Research Data Alliance (RDA); Dublin 26-28 maart 2014 door Barbara Sierman

Afgelopen week werd in Dublin de 3de plenaire bijeenkomst gehouden van de Research Data Alliance (RDA). Deze internationale organisatie, gebaseerd op vrijwillige deelname, is opgericht in 2013. Onderzoek verandert nu op grote schaal “big data” in de verschillende disciplines wordt ingezet, maar dit biedt ook uitdagingen: het delen van data, het bewaren van de bronnen, hoe te citeren, wie krijgt de “credits” voor dataverzamelingen, hoe linken we data aan publicaties etc. RDA is met name erop gericht om het delen van data, ondanks technische en sociale hindernissen, toch mogelijk maken ten behoeve van wetenschappelijk onderzoek – ook op langere termijn. “The RDA vision is researchers and innovators openly sharing data across technologies, disciplines, and countries to address the grand challenges of society” .

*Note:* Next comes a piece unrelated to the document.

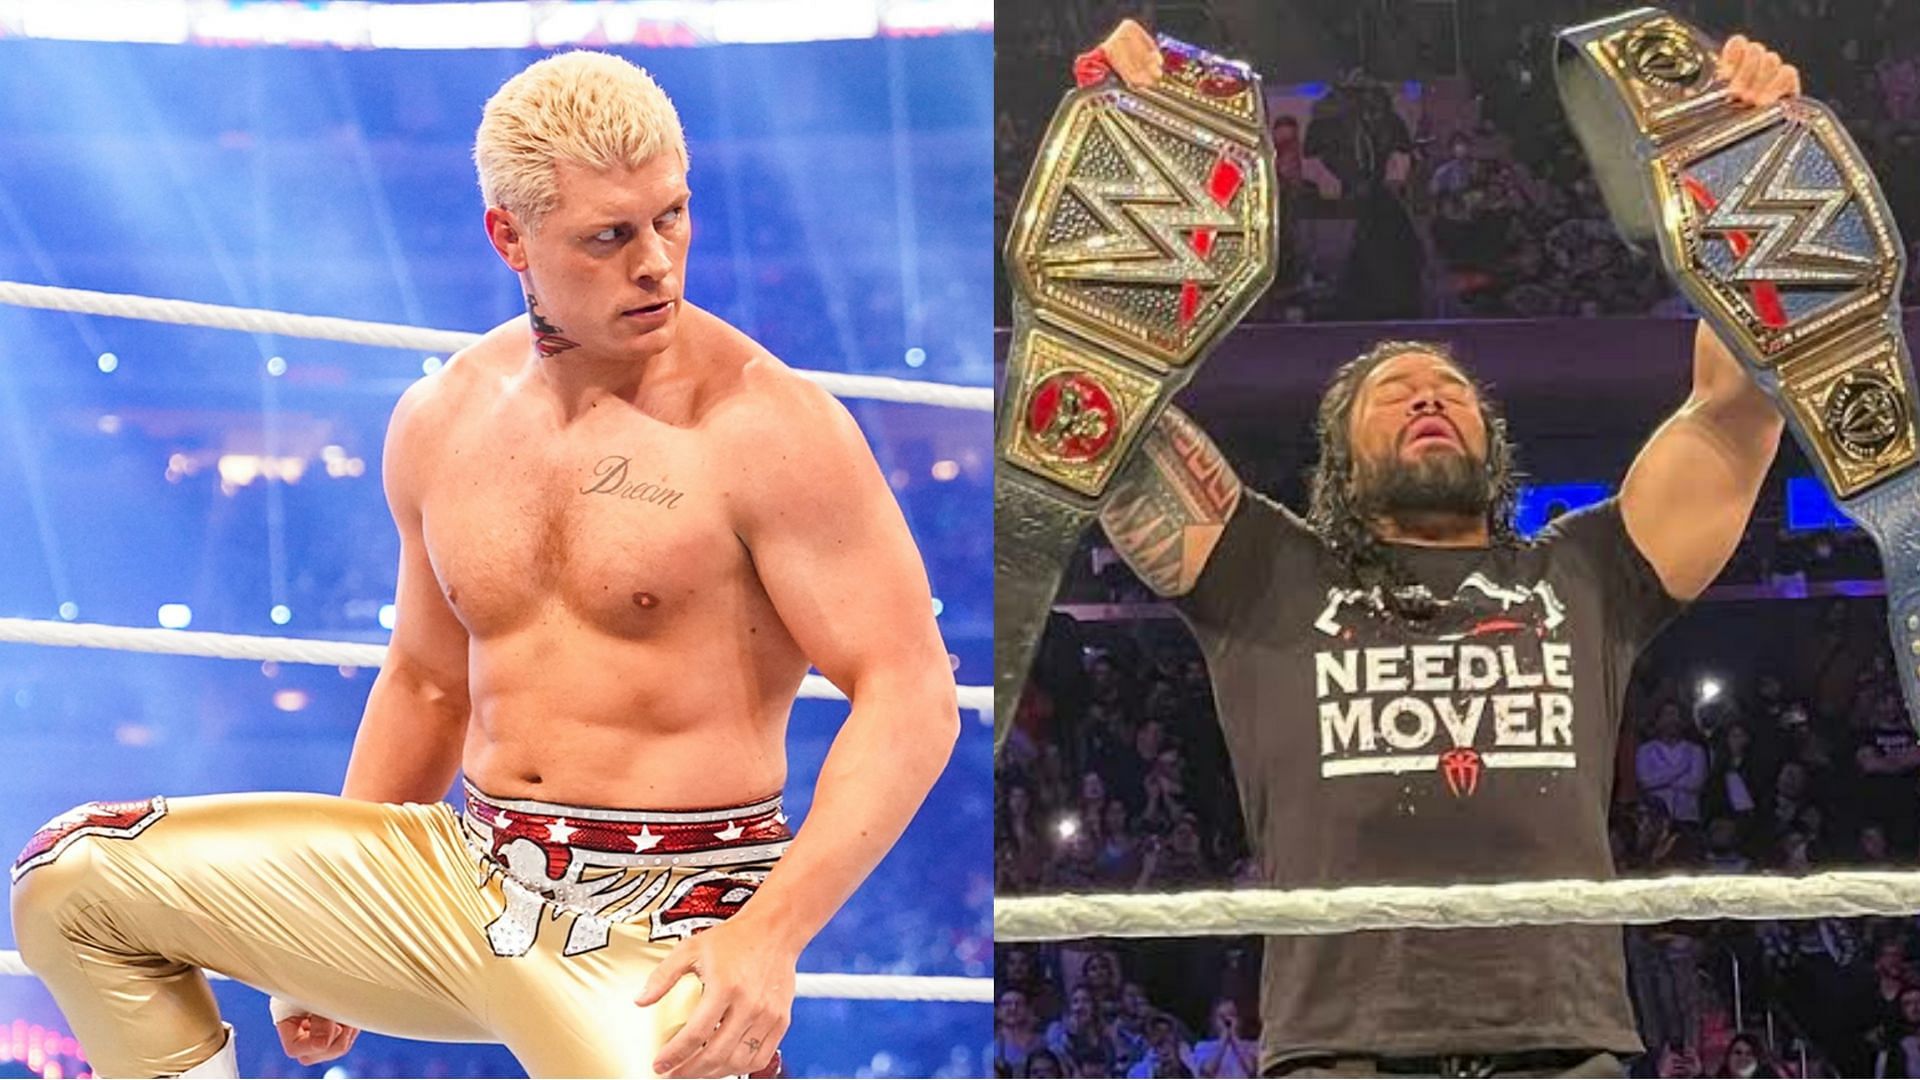 Cody returned to WWE at WrestleMania 38.

De RDA kent verschillende werkgroepen (met taken die binnen 18 maanden uitgevoerd moeten zijn en die concrete bijdragen leveren aan de implementatie van deze visie) en zogenaamde “interest groups” (IG), waarin bepaalde onderwerpen worden uitgediept. Een ‘interest group” kan uiteindelijk tot een werkgroep leiden.

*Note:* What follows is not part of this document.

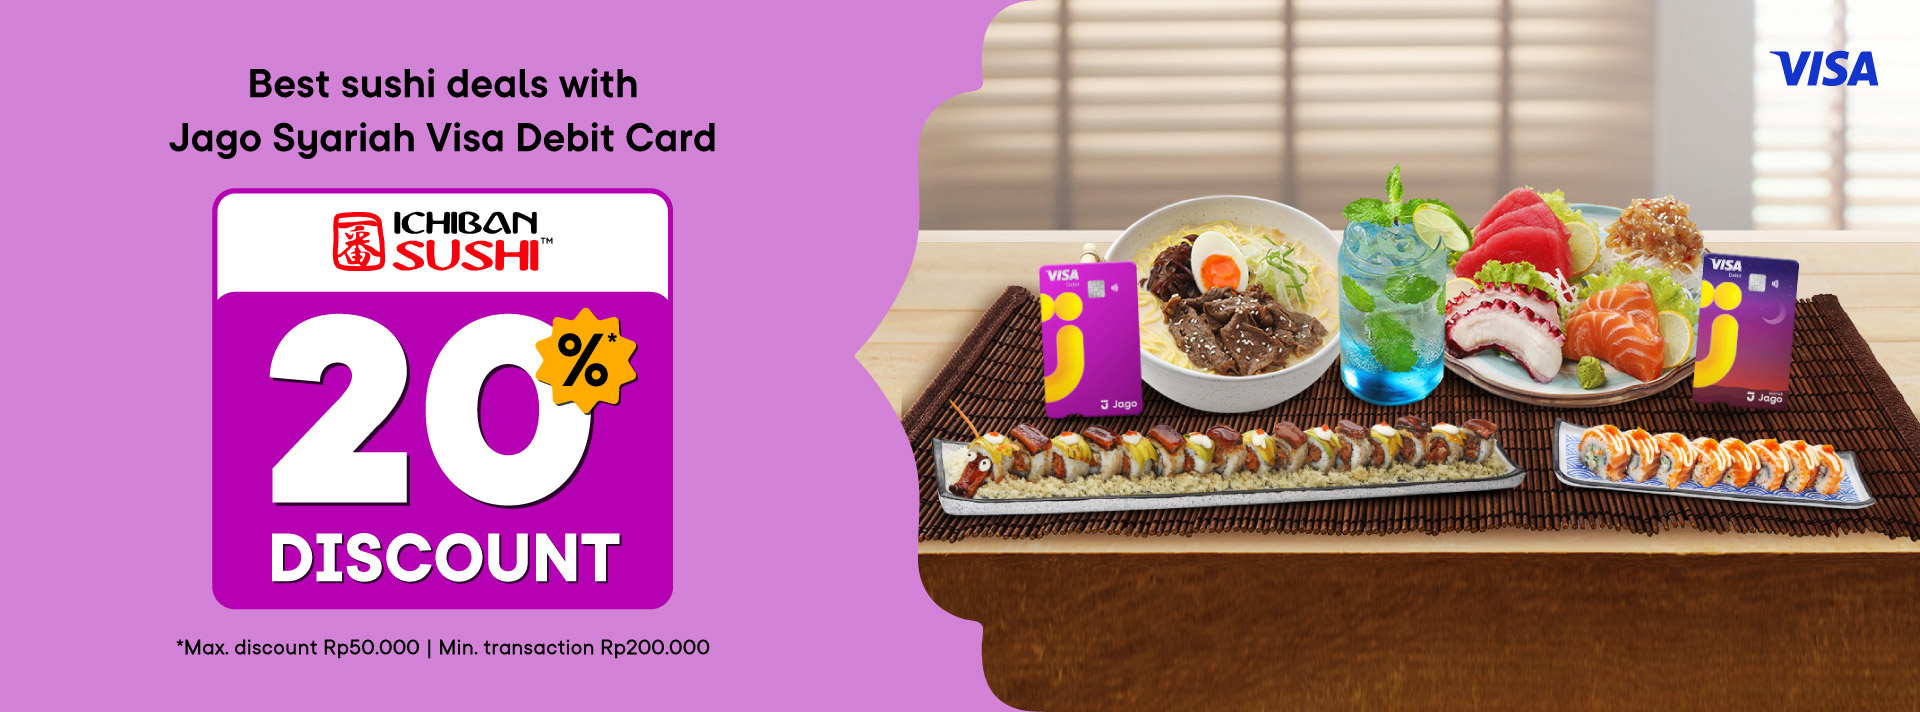 20% discount for sushi treats with Jago Visa Debit Card

Waarom neemt de KB deel aan de Research Data Alliance? Ten eerste hebben wij als nationale bibliotheek de onderzoekers ook “big data” te bieden, met onze gedigitaliseerde collecties en ons web archief. Het is belangrijk dat de geesteswetenschappen /humaniora ook meedoen in de discussies vanwege haar rol in de “scholarly communication”. Nu worden de discussies veelal gevoerd door disciplines als aardwetenschappen, “life sciences”, “health”, “ agriculture, space and climate”, die al een veel langere traditie hebben in de omgang met “big data”.

Daarnaast krijgen wij in onze collecties ook te maken met publicaties, die verwijzen naar datasets als bron voor het gedane onderzoek. Denk bijvoorbeeld aan het Internationaal e-Depot, maar ook de publicaties van de Nederlandse universiteiten (DARE) en Nederlandse wetenschappelijke uitgeverijen. Deze datasets zitten soms bij de publicaties (ook wel “verrijkte publicaties” genoemd). Wetenschappelijke uitgevers zoeken oplossingen om ofwel zelf deze data sets te bewaren of bijvoorbeeld te verwijzen naar centrale “data repositories” . Het is belangrijk deze ontwikkelingen te volgen, om een goede (toekomstige) dienstverlening te ontwikkelen voor onze duurzame collecties.

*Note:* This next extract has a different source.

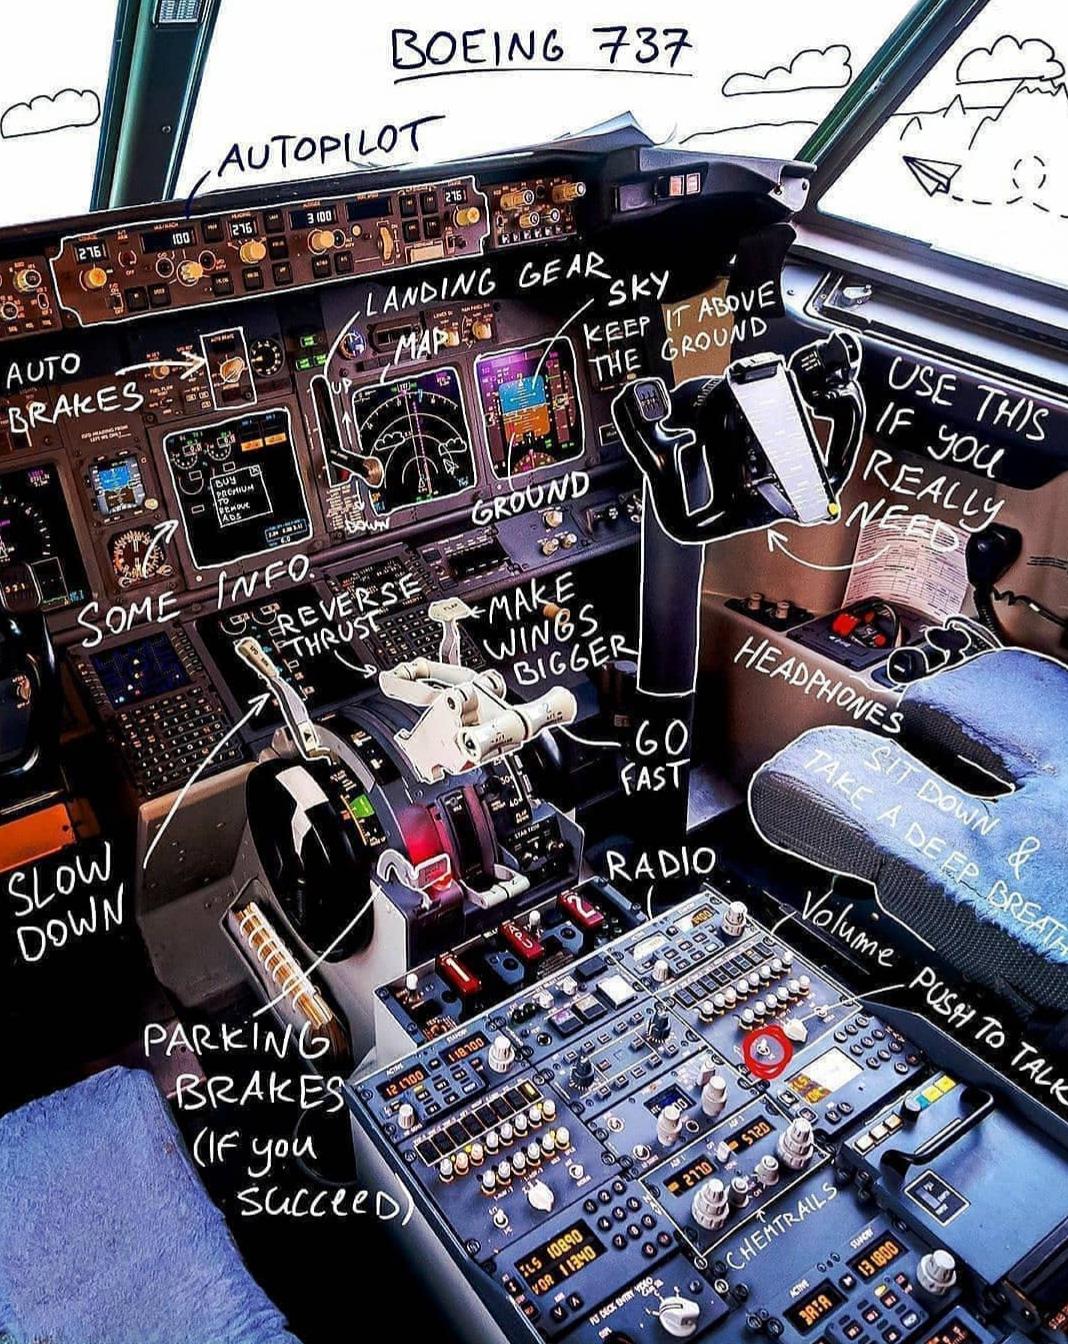 Boeing 737 Cockpit, a guide.

Vanuit de afdeling Onderzoek zit ik in twee groepen: Publishing Data (IG) en Certification of Digital Repositories (IG).

De Publishing Data Interest Group (weliswaar een IG maar met een 18 maanden plan) bestaat uit vier onderdelen:

  • Costs : de kosten van een data repository en hoe de financiering hiervan voor lange termijn te regelen (hier neemt de KB actief aan deel)
  • Bibliometrics: hoe wordt de dataset binnen de wetenschappelijke gemeenschap gewaardeerd (citatie indexen etc.)
  • Services: hoe te linken van publicaties naar data sets, tussen data sets onderling etc. Hier zit de KB niet in, maar de ontwikkelingen zijn belangrijk voor het concept van “verrijkte publicaties” waar ook vanuit de NCDD aan gewerkt wordt (meer daarover in mei)
  • Workflows: wat zijn de huidige manieren waarop data gepubliceerd worden en hoe kan dit verbeterd worden, rekening houdend met alle belanghebbenden.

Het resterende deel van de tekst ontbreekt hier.